Home / News / Honey, I shrunk the image and now I’m pwned

Honey, I shrunk the image and now I’m pwned

Security researchers with Trail of Bits have found that Google Gemini CLI and other production AI systems can be deceived by image scaling attacks, a well-known adversarial challenge for machine learning systems.

Google doesn’t consider the issue to be a security vulnerability because it relies on a non-default configuration.

Image scaling attacks were discussed in a 2019 USENIX Security paper that builds upon prior work on adversarial examples that could confuse computer vision systems. The technique involves embedding prompts into an image that tell the AI to act against its guidelines, then manipulating the image to hide the prompt from human eyes. It requires the image to be prepared in a way that the malicious prompt encoding interacts with whichever image scaling algorithm is employed by the model.

In a blog post, Trail of Bits security researchers Kikimora Morozova and Suha Sabi Hussain explain the attack scenario: a victim uploads a maliciously prepared image to a vulnerable AI service and the underlying AI model acts upon the hidden instructions in the image to steal data.

“By delivering a multi-modal prompt injection not visible to the user, we achieved data exfiltration on systems including the Google Gemini CLI,” wrote Morozova and Hussain. “This attack works because AI systems often scale down large images before sending them to the model: when scaled, these images can reveal prompt injections that are not visible at full resolution.”

We’ve lightened the example image published by Trail of Bits to make the hidden text more visible.

![An image with an embedded prompt](https://regmedia.co.uk/2025/08/21/image_scaling_attack_demo.jpg?x=648&y=310&infer_y=1 “An image with an embedded prompt”)
An image with an embedded prompt – Click to enlarge

Prompt injection occurs when a generative AI model is provided with input that combines trusted and untrusted content. It’s not the same thing as jailbreaking, which is simply input that aims to bypass safety mechanisms.

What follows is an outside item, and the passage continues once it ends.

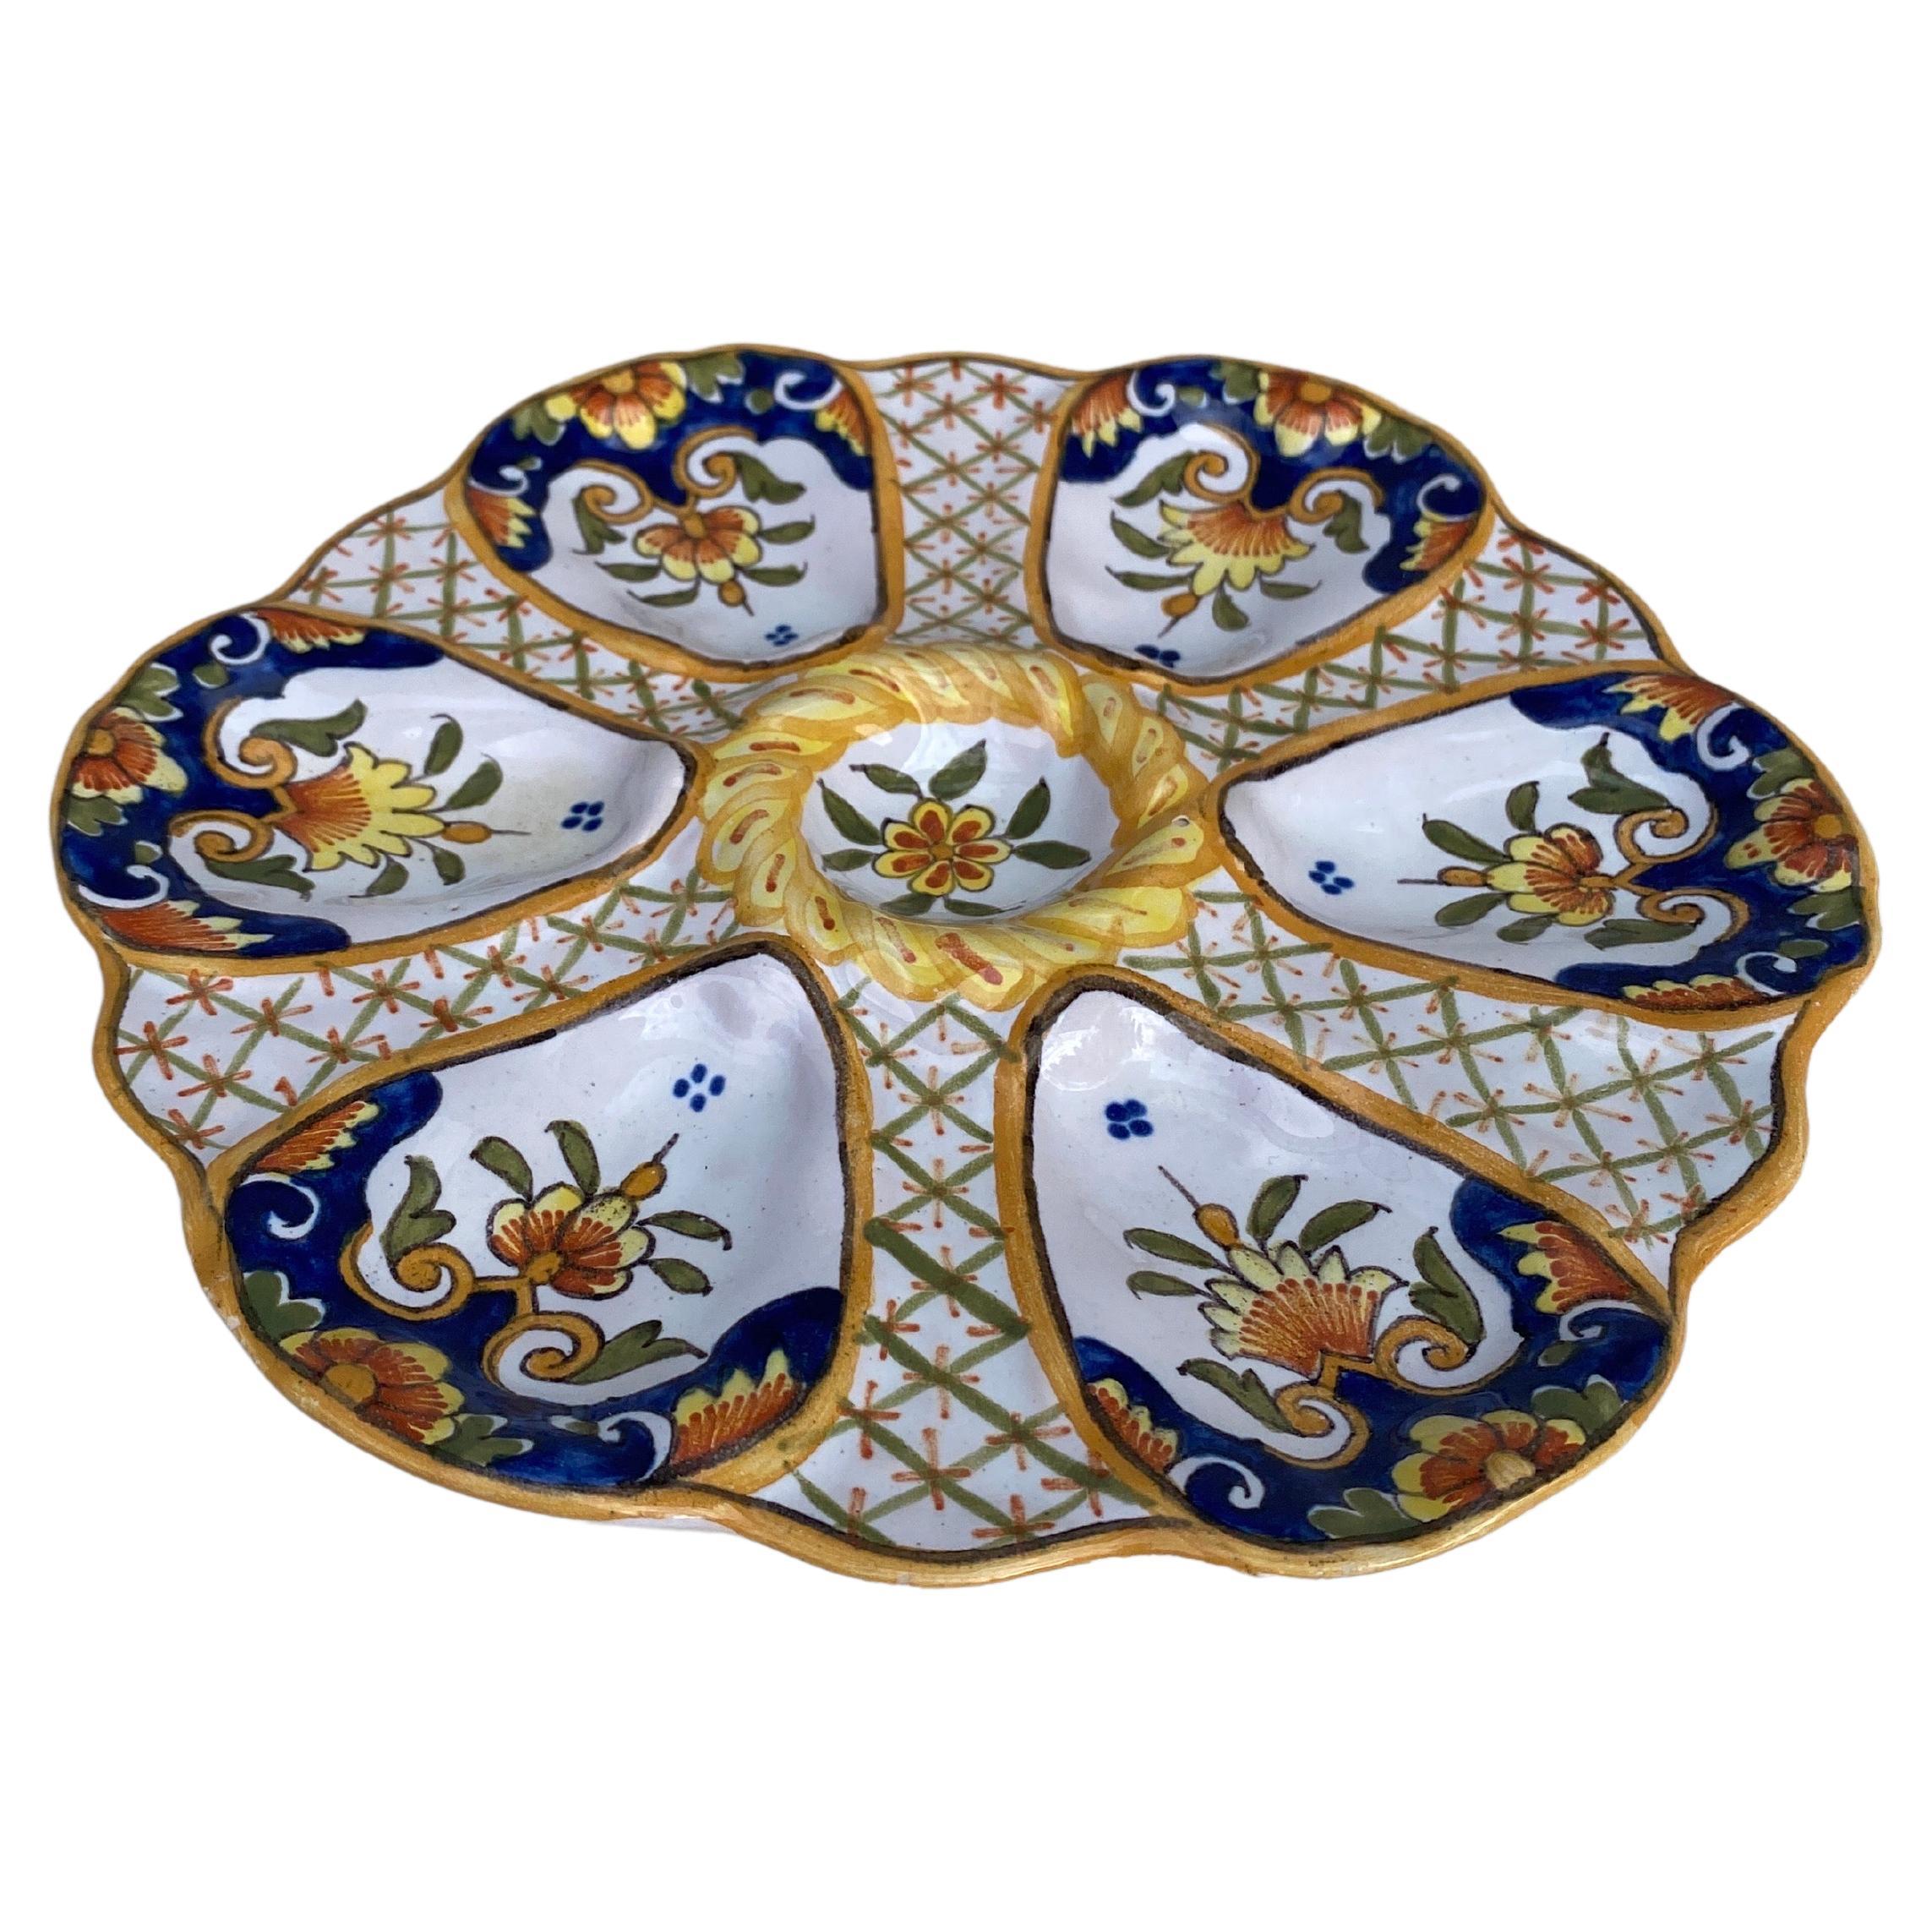 19th Century French Faience Oyster Plate.
Decorated with flowers , marked Bordeaux.

Prompt injection may be direct, entered by the user, or indirect, when the user directs the model to process content that contains instructions the model can act upon. 

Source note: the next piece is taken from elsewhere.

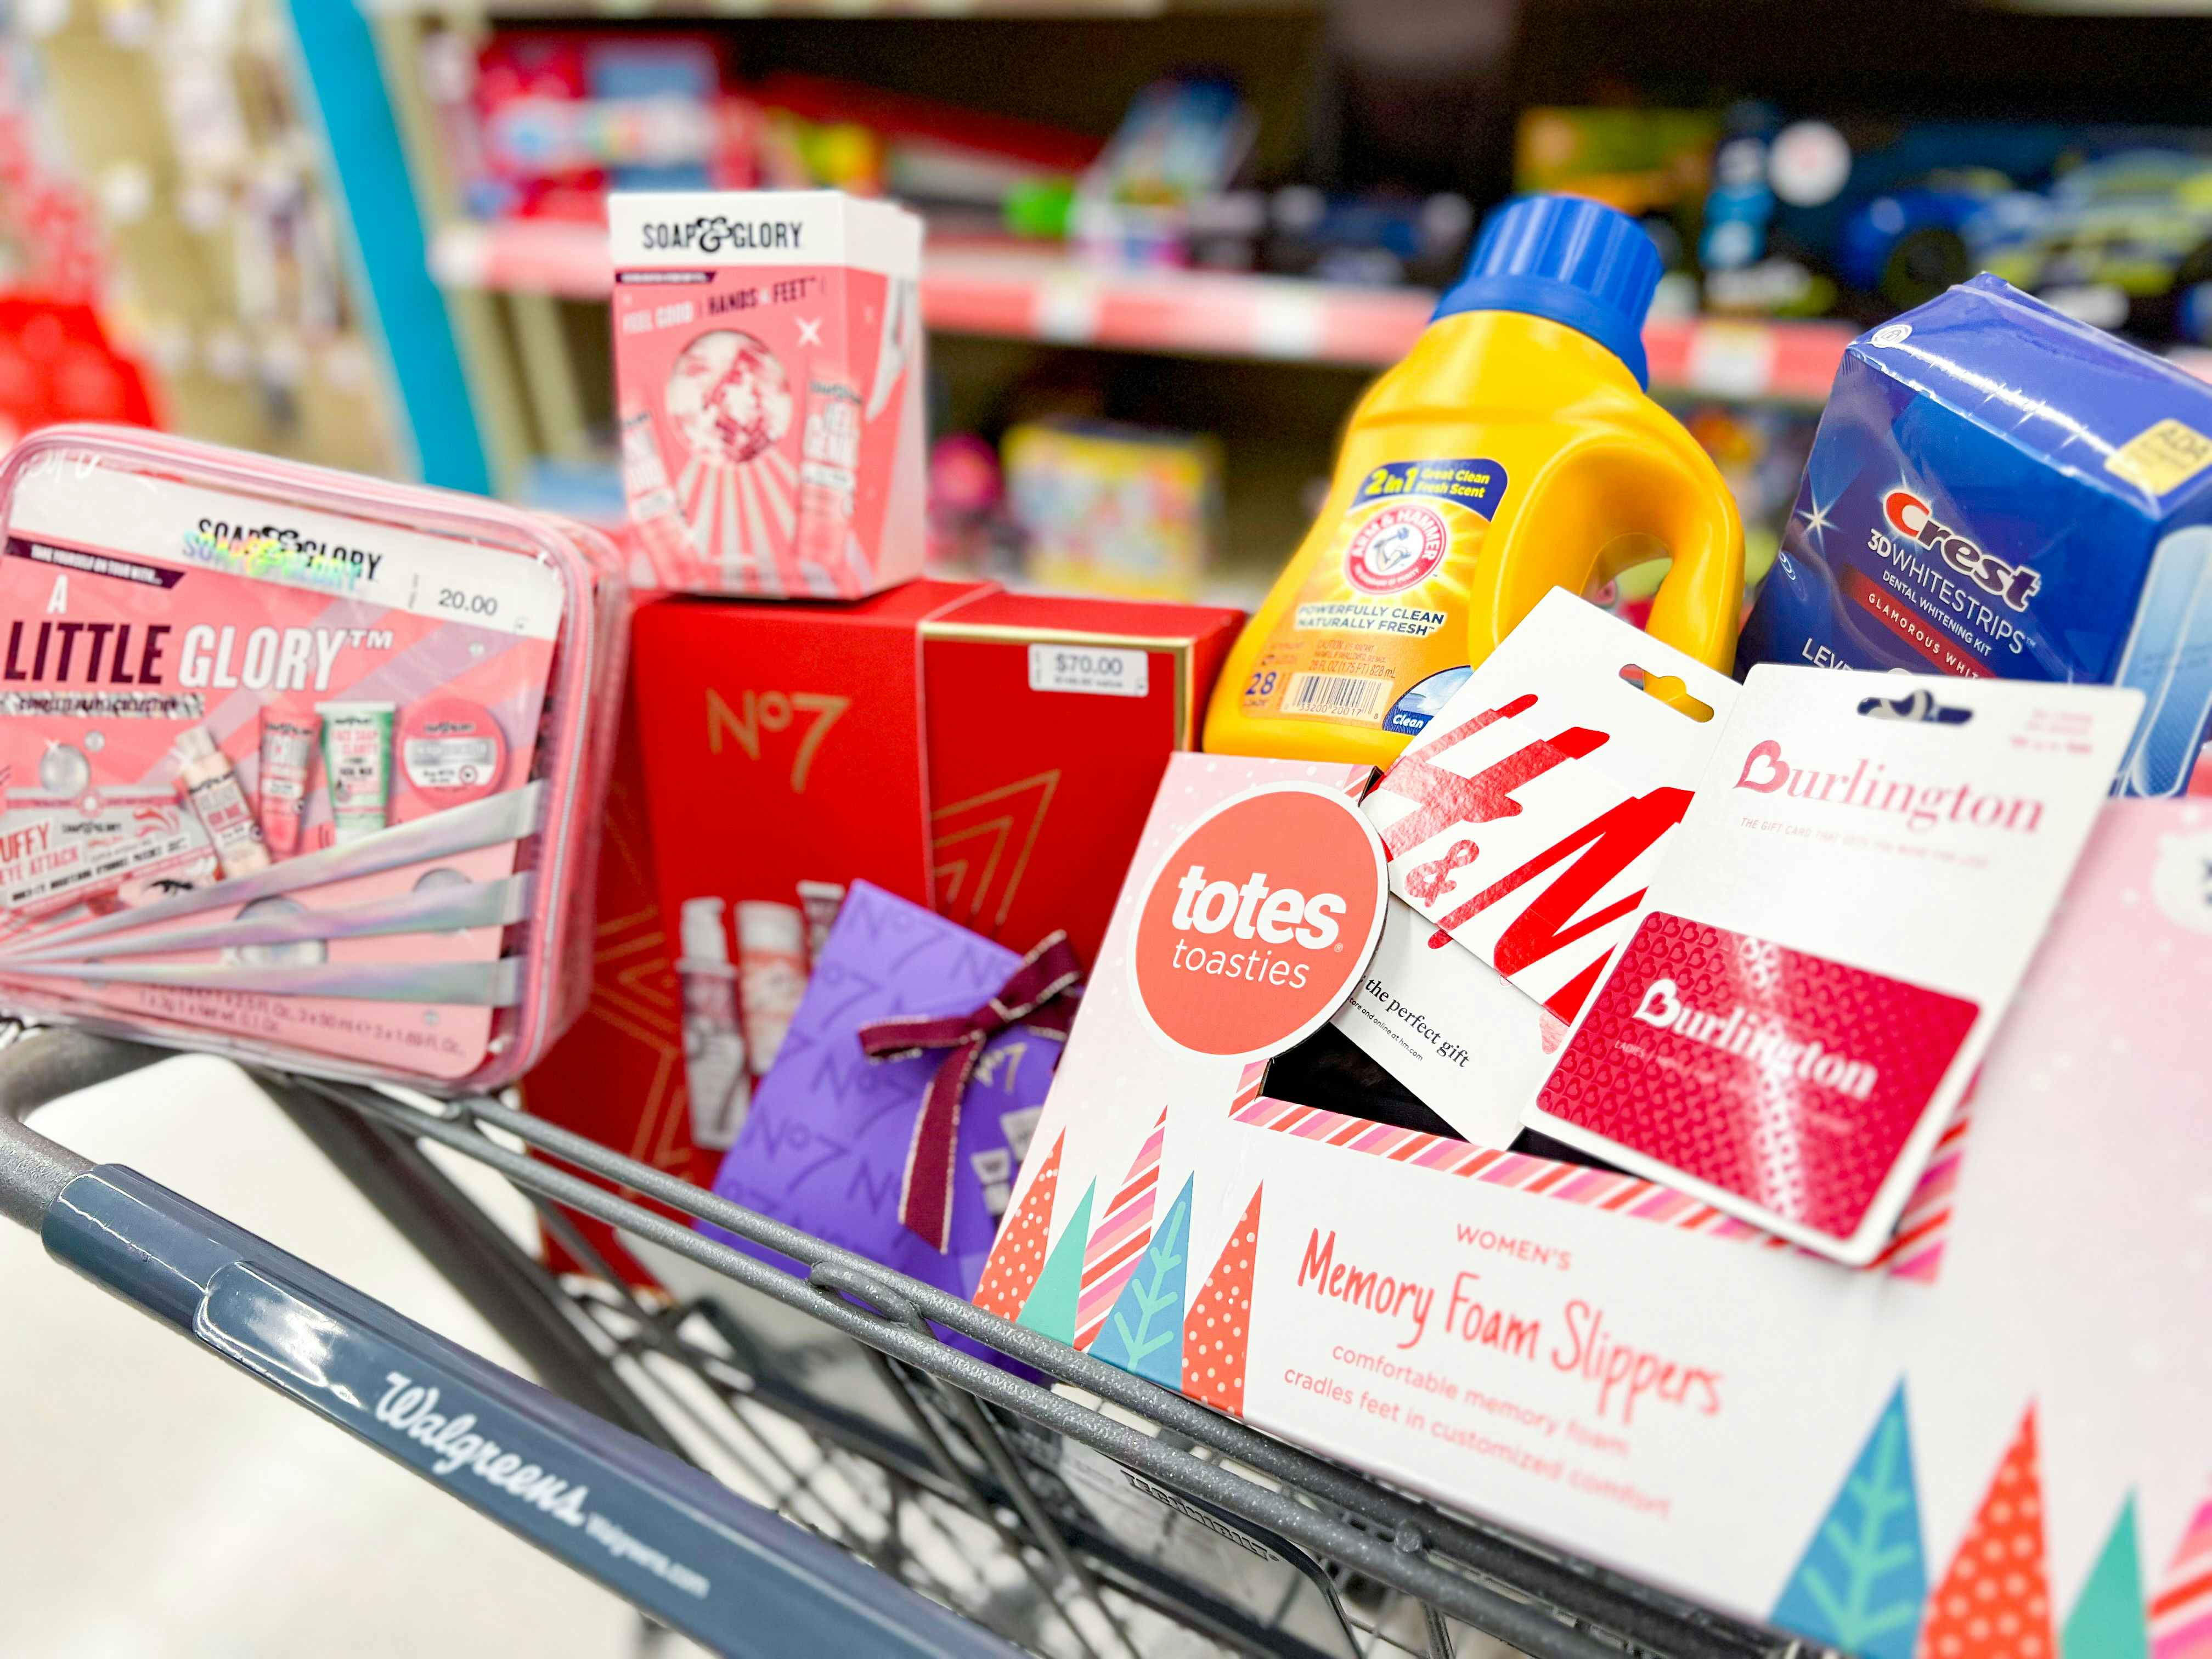 a walgreens cart filled with items

An example of the latter would be asking an AI model to summarize a web page that contains malicious instructions – the model, having no inherent ability to distinguish between intended and unintended directives, would simply try to follow all orders. This behavior was noted recently in Perplexity’s Comet browser.

The image scaling attack described by Morozova and Hussain is a form of indirect prompt injection, and it has a better chance of success than many other techniques because the malicious text is hidden from the user – it’s exposed only through the process of downscaling the image.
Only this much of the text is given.